START Given data

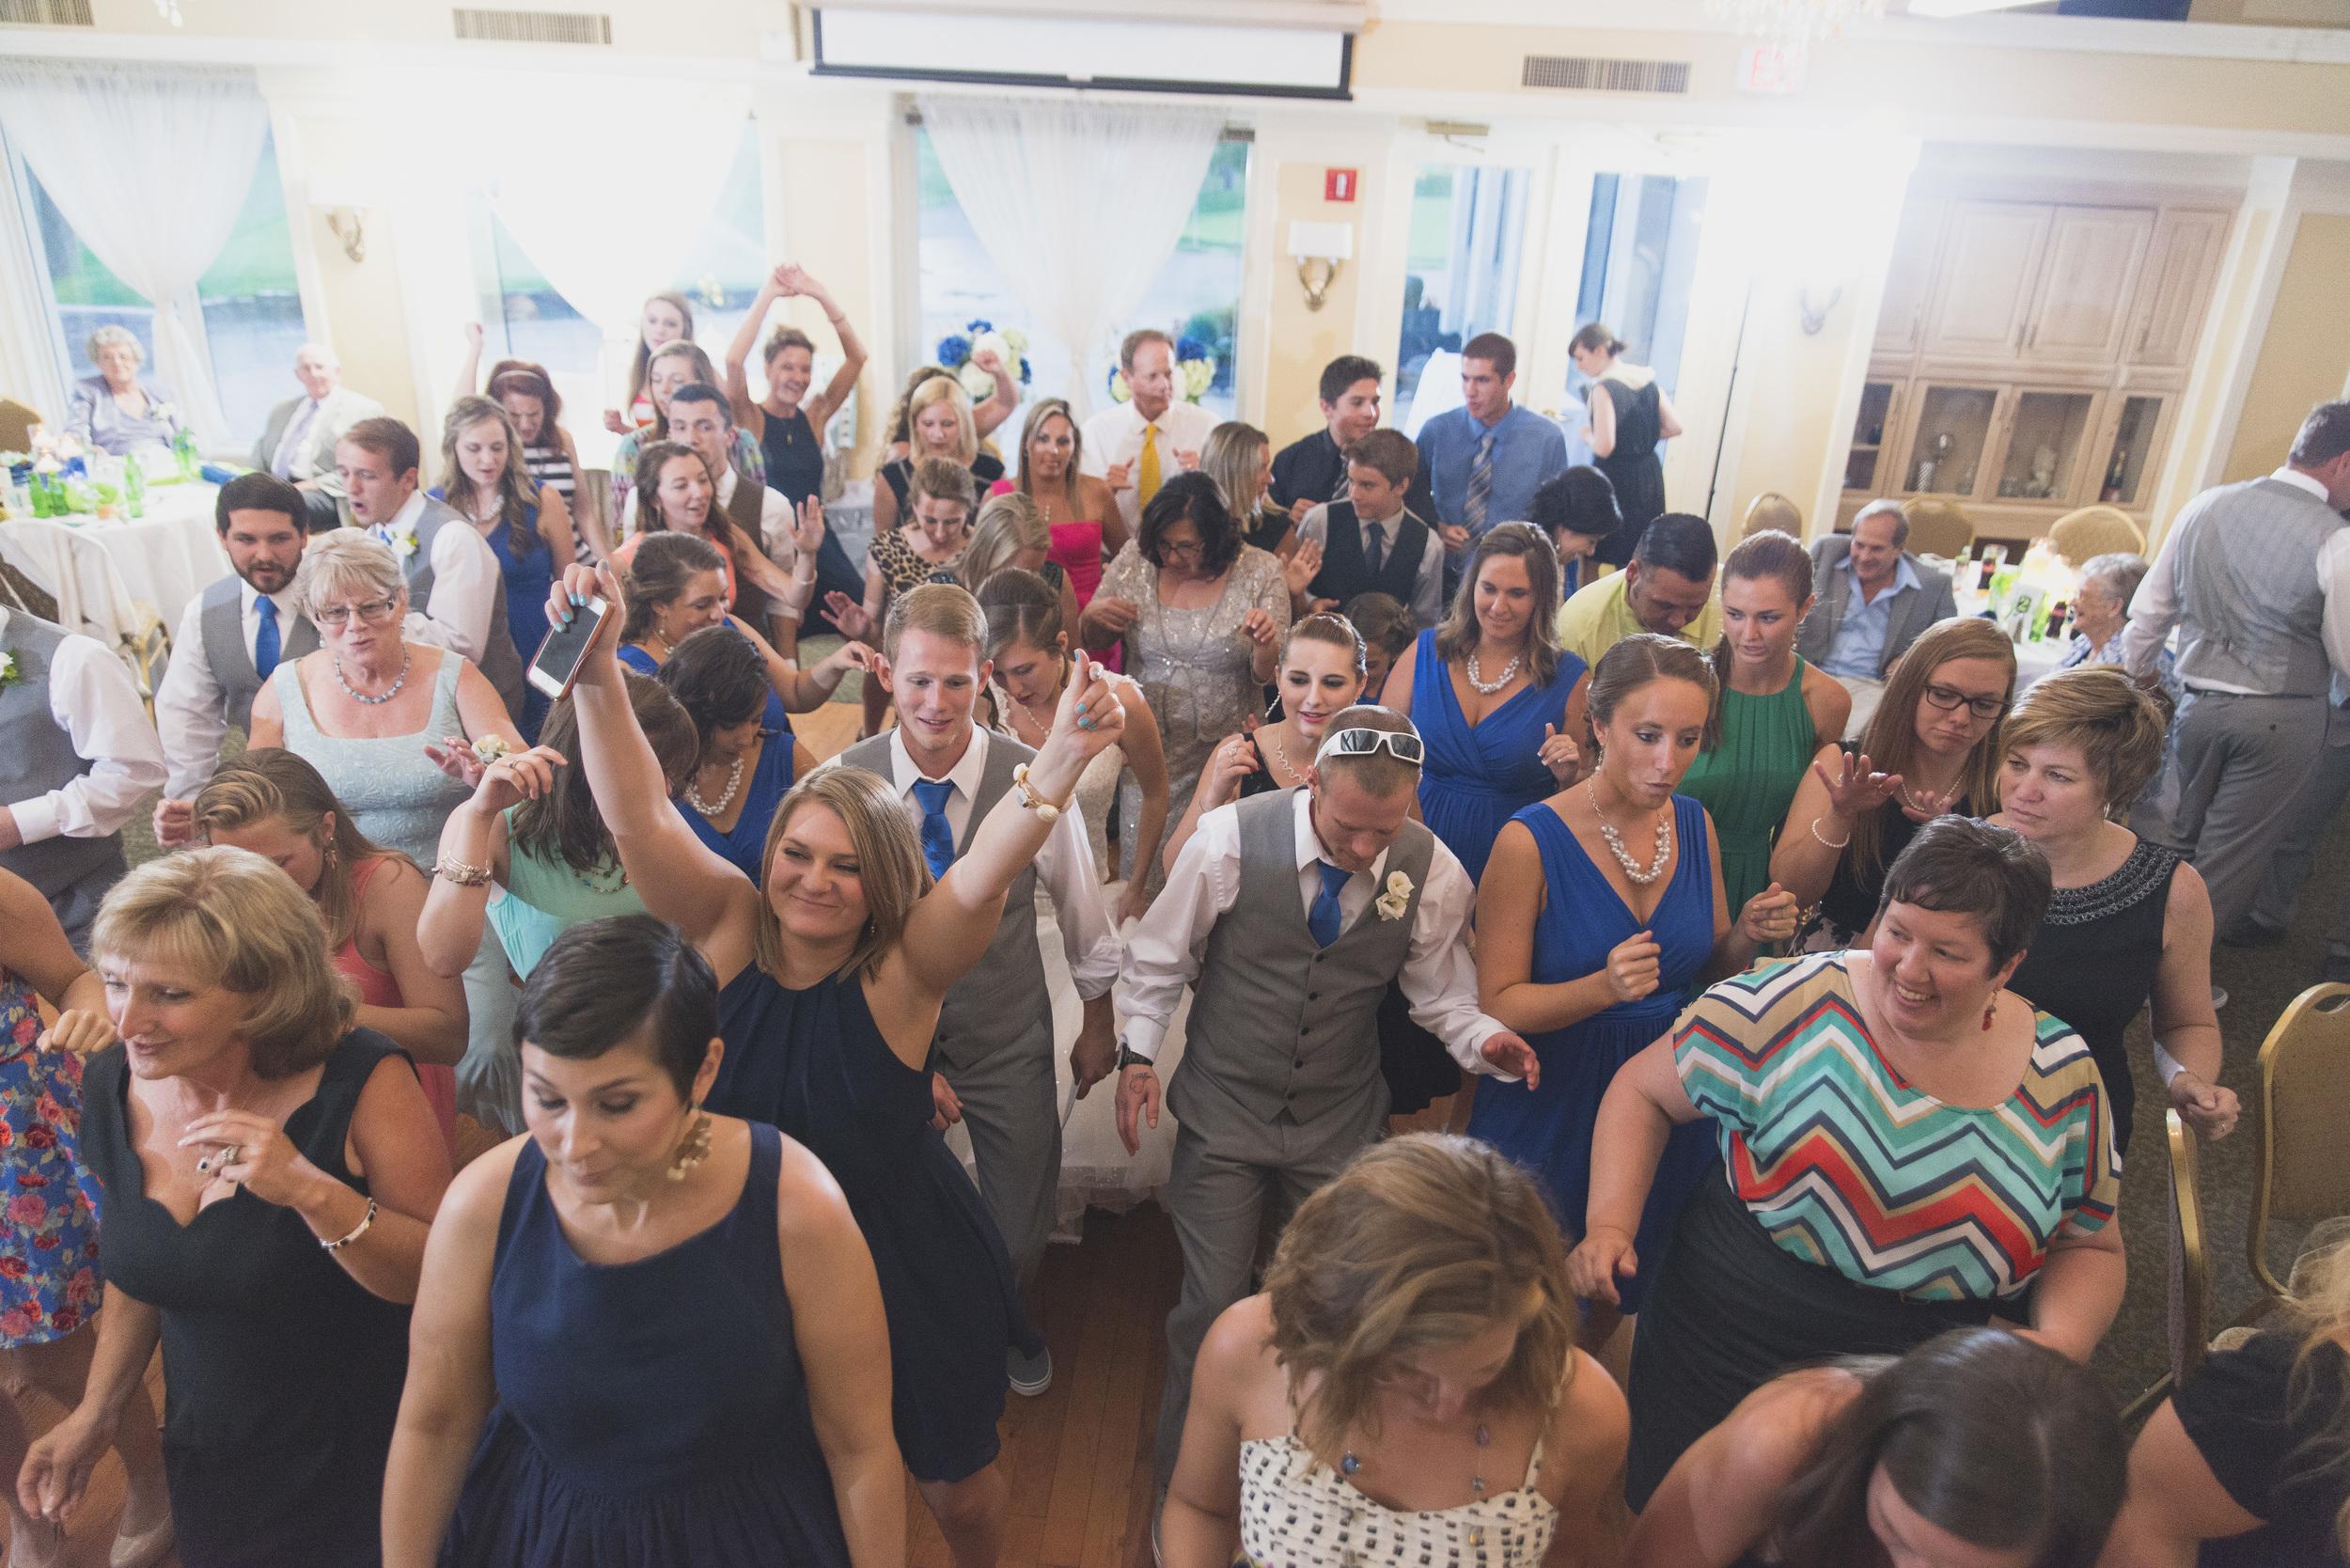 New_jersey_blue_heron_pines_wedding20150529_0604.jpg
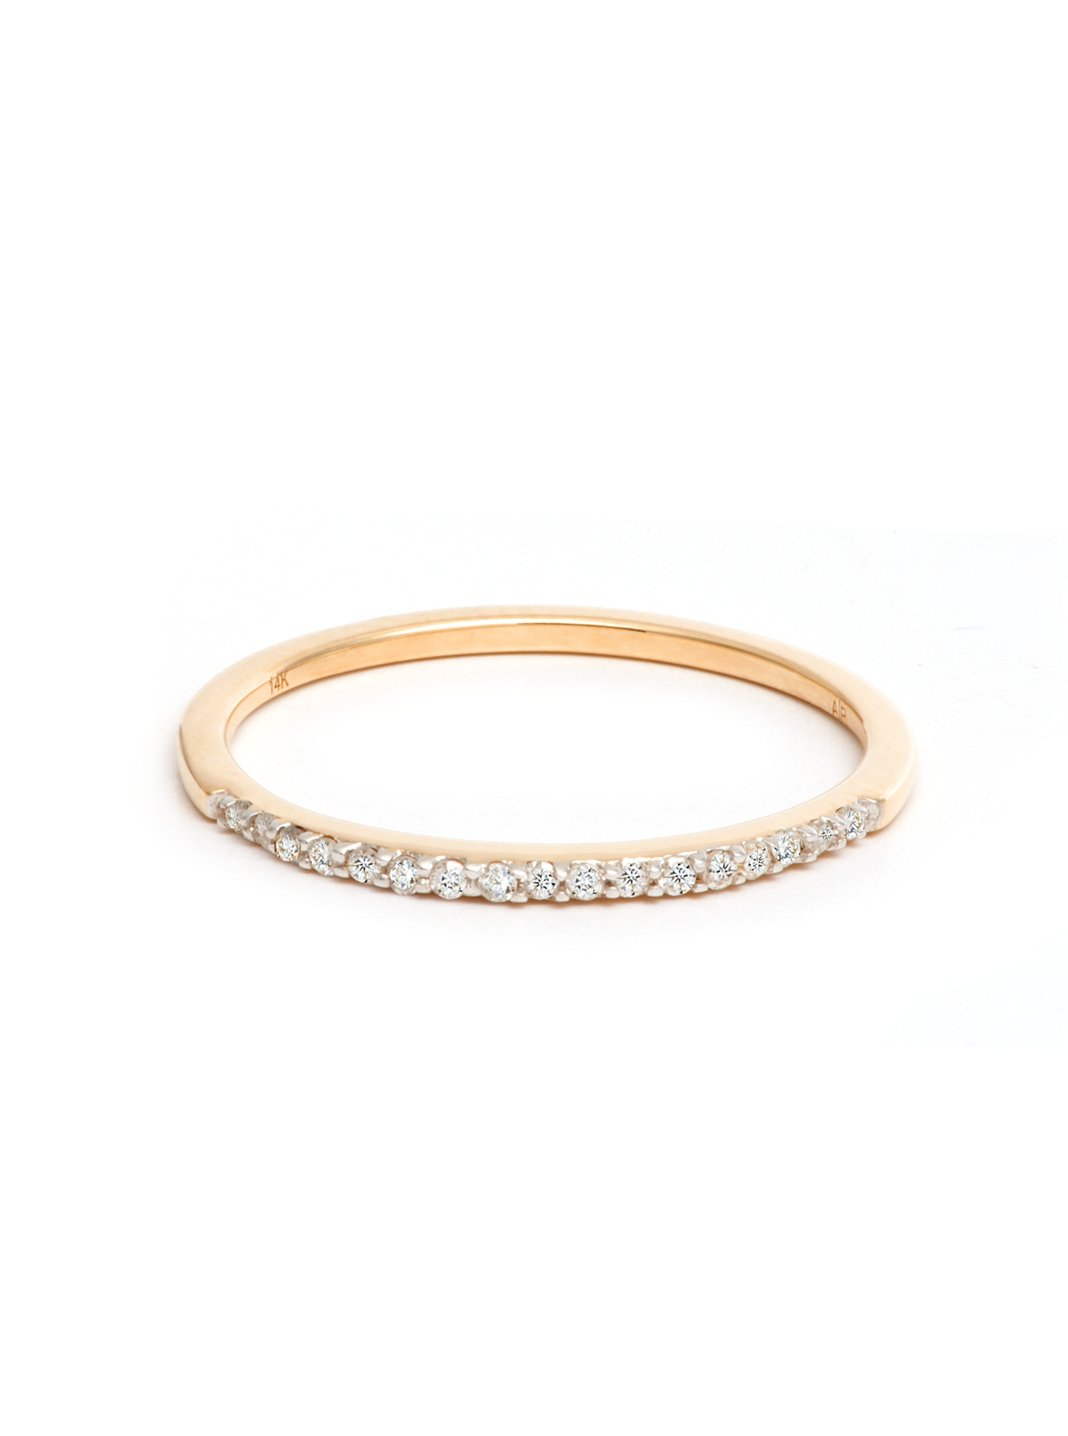 Adina Reyter Y Gold Pave Ring
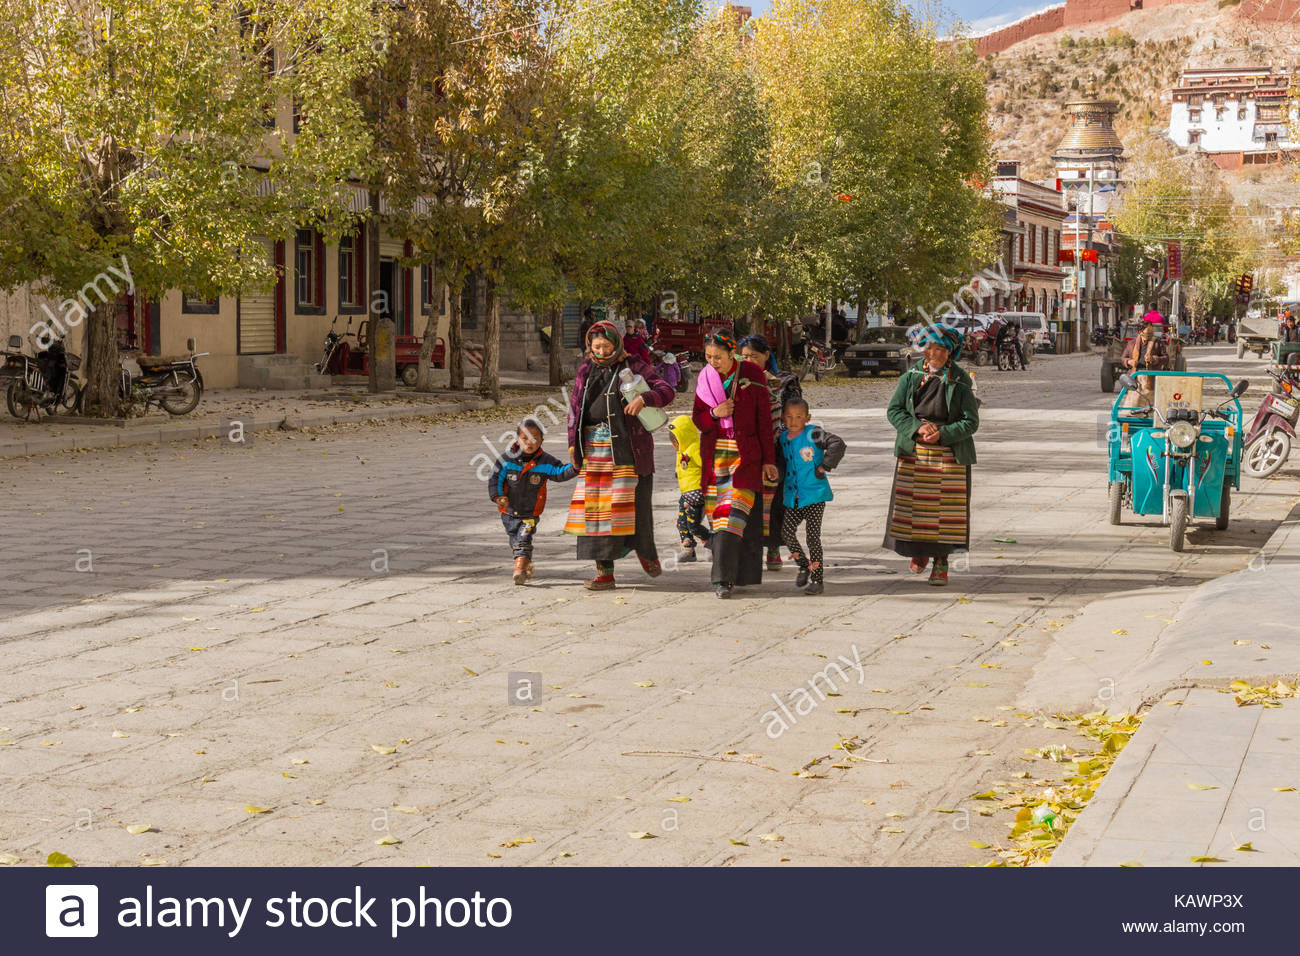 Tibetan Family walking on the main street in Gyantse, Tibet - Stock Image
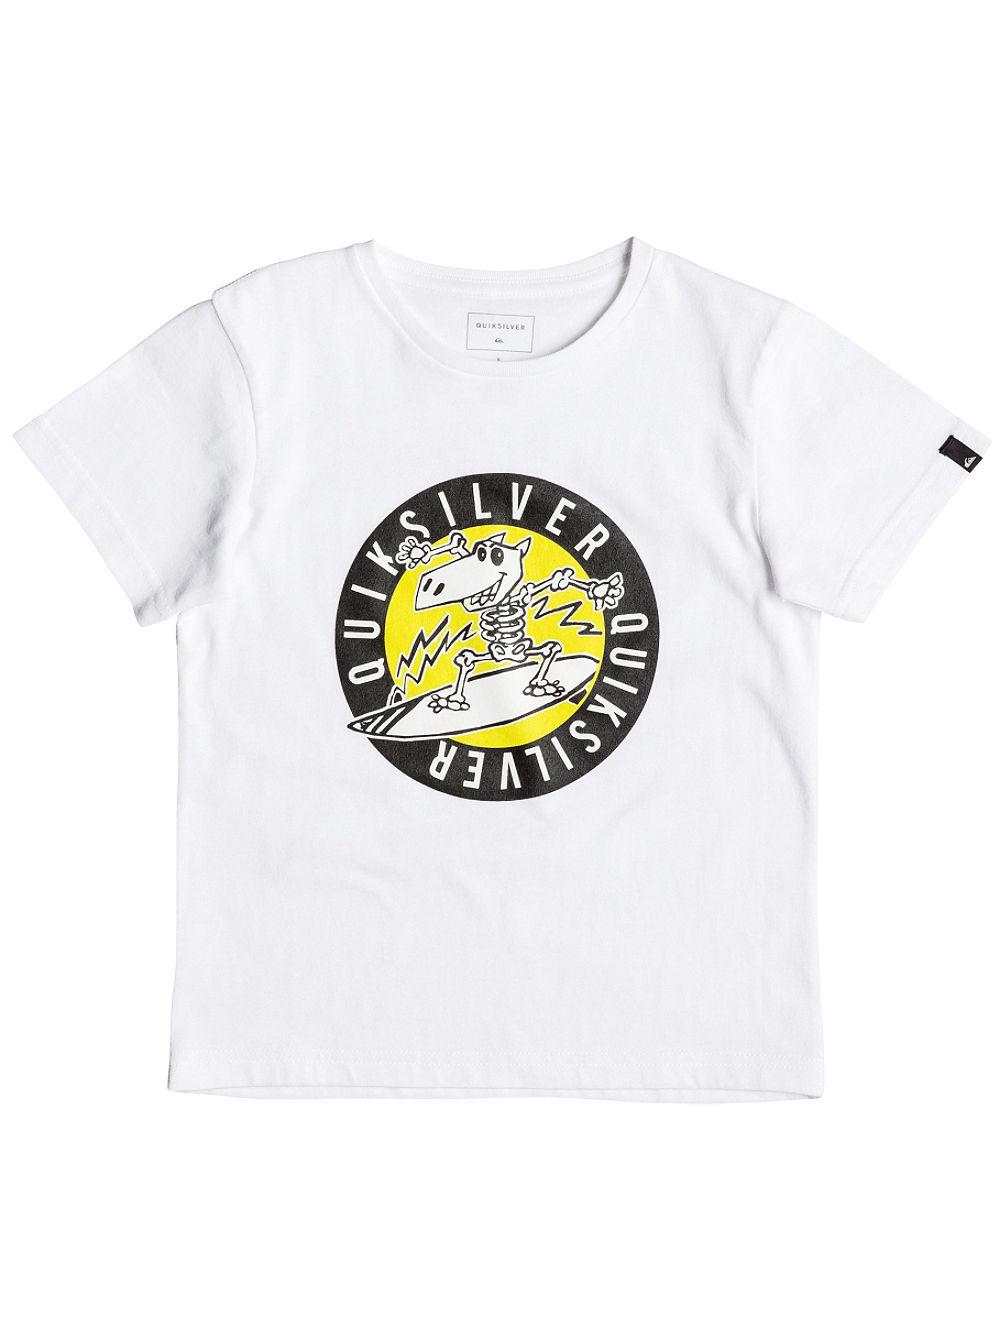 quiksilver-balou-t-shirt-boys

END Given data

- **Exercise description**
Without any of its pictures, the listing is to be repeated exactly as it stands.

- **Exercise result**
 New_jersey_blue_heron_pines_wedding20150529_0604.jpg
 Adina Reyter Y Gold Pave Ring
 Tibetan Family walking on the main street in Gyantse, Tibet - Stock Image
 quiksilver-balou-t-shirt-boys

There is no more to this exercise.